Avoiding unnecessary mallocs while building then solving a linear system inside a loop can only be achieved by routines that modify in-place?

Hello,

I have some functions that build a linear system. I then want to build and solve the system in a loop, while modifying a parameter. My first, straightforward, approach resulted in many allocations being done unnecessarily. It was as follows:

function f(n::Integer)
    x = Array{Float64}(undef, n, n)
    @inbounds for i = 1:n
        @inbounds for k = 1:n
            x[k,i] = randn()
        end
    end
    return x
end

function g(n::Integer, m::Integer)
    y = Array{Float64}(undef, m)
    b = zeros(Float64, n)
    b[1] = 1.0
    @inbounds for i = 1:m
        a = f(n)
        x = a\b
        y[i] = x[1]
    end
    return y
end

The profiling:

@time g(2, 4) # 0.000021 seconds (26 allocations: 2.109 KiB)
@time g(2, 5) # 0.000025 seconds (31 allocations: 2.563 KiB)

The only way I could think of that would avoid those unnecessary allocations was to use functions that modify the inputs in-place, as follows:

using LinearAlgebra

function f!(x, n::Integer)
    for i = 1:n
        for k = 1:n
            x[k,i] = randn()
        end
    end
end

function g!(y, n::Integer, m::Integer)
    a = Array{Float64}(undef, n, n)
    b = Array{Float64}(undef, n)
    for i = 1:m
        b[1] = 1.0
        for k = 2:n
            b[k] = 0.0
        end
        f!(a, n)
        LAPACK.gesv!(a,b)
        y[i] = b[1]
    end
end

The profiling:

y = zeros(Float64, 5)
@time g!(y, 2, 4) # 0.000018 seconds (10 allocations: 752 bytes)
@time g!(y, 2, 5) # 0.000021 seconds (11 allocations: 848 bytes)

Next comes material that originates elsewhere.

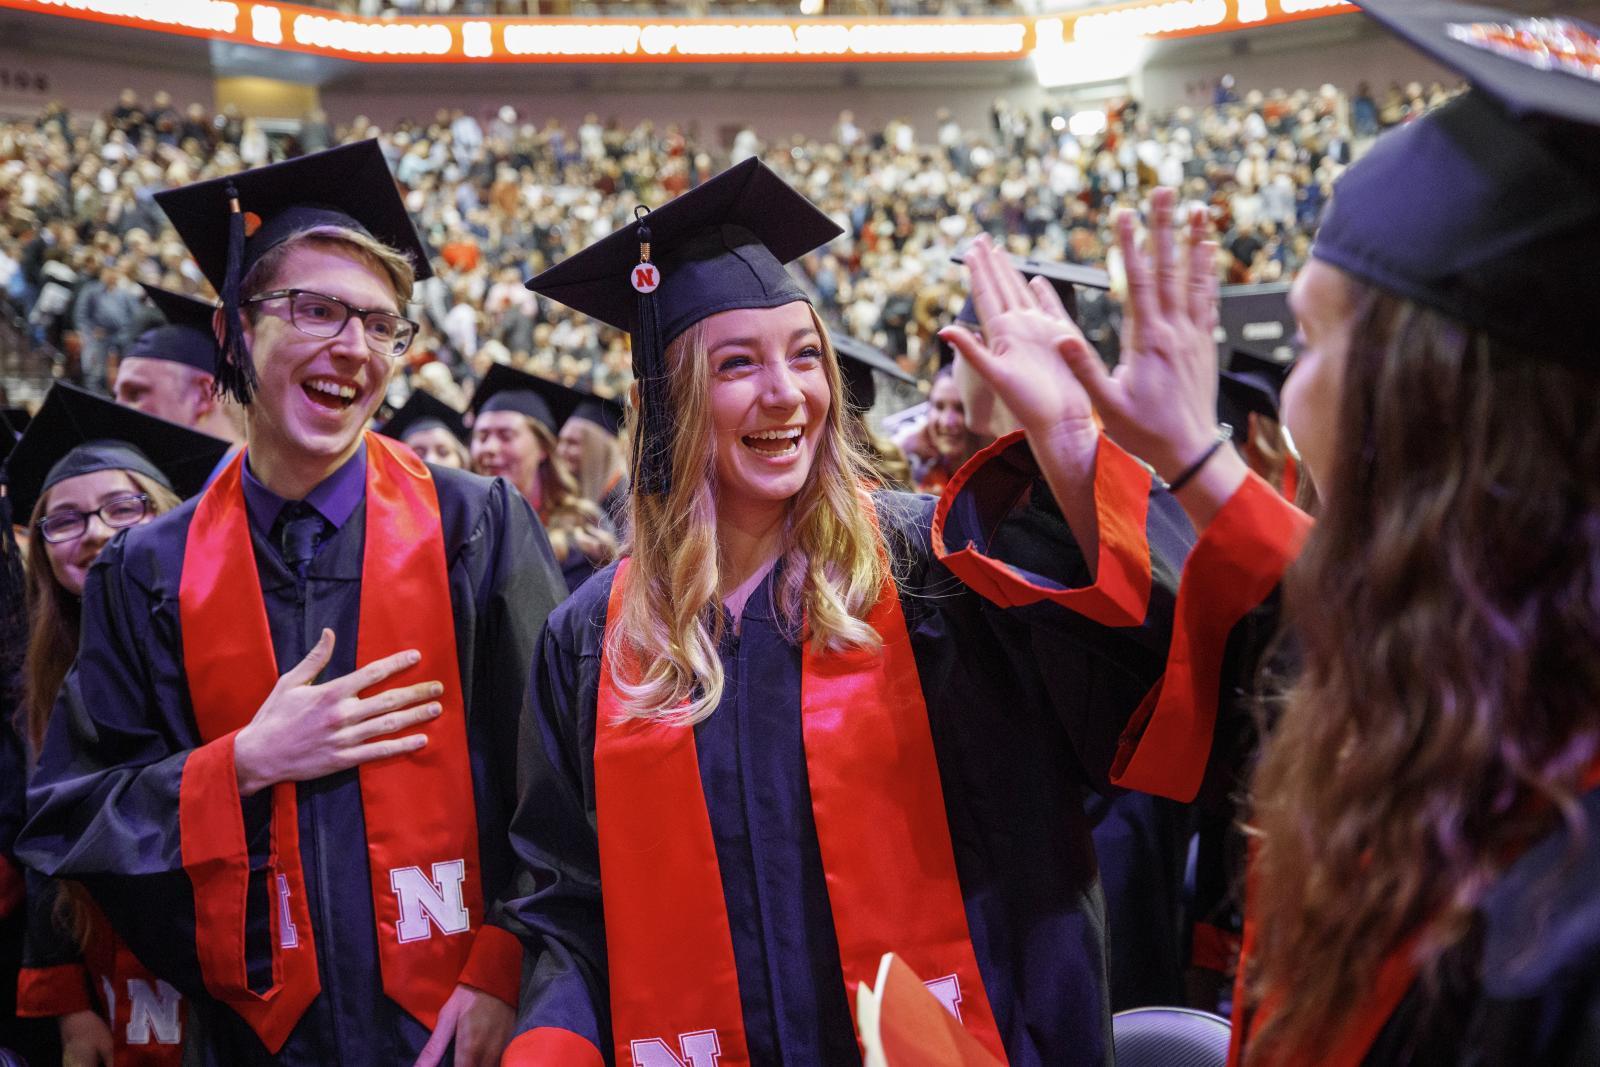 Nebraska graduates high five after receiving their diplomas.

Is there a way to optimize the first approach with a f that does not need to modify the a matrix in-place? I am concerned with the users of my code: engineers with weak programming skills who just know a bit of MATLAB. I fear that the second approach will be too alien to them, weakening my efforts to proselytize Julia.

One thing you could do would be to use the @! macro from https://github.com/simonbyrne/InplaceOps.jl to let you write a \ b but have the actual code run in-place. Whether this is more or less clear to your users is hard to say: a macro can make the syntax look more like what they would expect, but it also introduces a new layer of indirection that they may eventually have to understand.

On the other hand, I think your current code is actually fine: there is no magic in it, and it accomplishes its task efficiently. Perhaps your effort would be better spent writing comments to help your readers understand. After all, Julia and Matlab are quite different languages, and good Julia code will usually end up looking quite different from Matlab code.

1 Like

You can do in-place matrix operations with the lu! and ldiv! functions from the LinearAlgebra module, without dropping down to “raw” LAPACK calls. You can also use in-place “dot assignments” like .=. For example, your function could be rewritten:

function g!(y, n::Integer, m::Integer)
    a = Array{Float64}(undef, n, n)
    b = Array{Float64}(undef, n)
    for i = 1:m  
        b .= 0
        b[1] = 1
        a .= randn.()
        ldiv!(lu!(a), b)
        y[i] = b[1]
    end
end

However, if you are doing zillions of solves and other operations with tiny arrays, e.g. the 2x2 matrices in your code, it should generally be much faster to use the StaticArrays package, which both avoids heap allocation and has optimized inlined implementations for such small sizes. StaticArrays take a bit of getting used to in order to get the full benefit (especially to make sure the dimensions are known when a critical function is compiled), however.

PS. Better to use @btime from the BenchmarkTools package, e.g. @btime g!($y, 2, 5), for benchmarking, especially for benchmarking such inexpensive functions.

2 Likes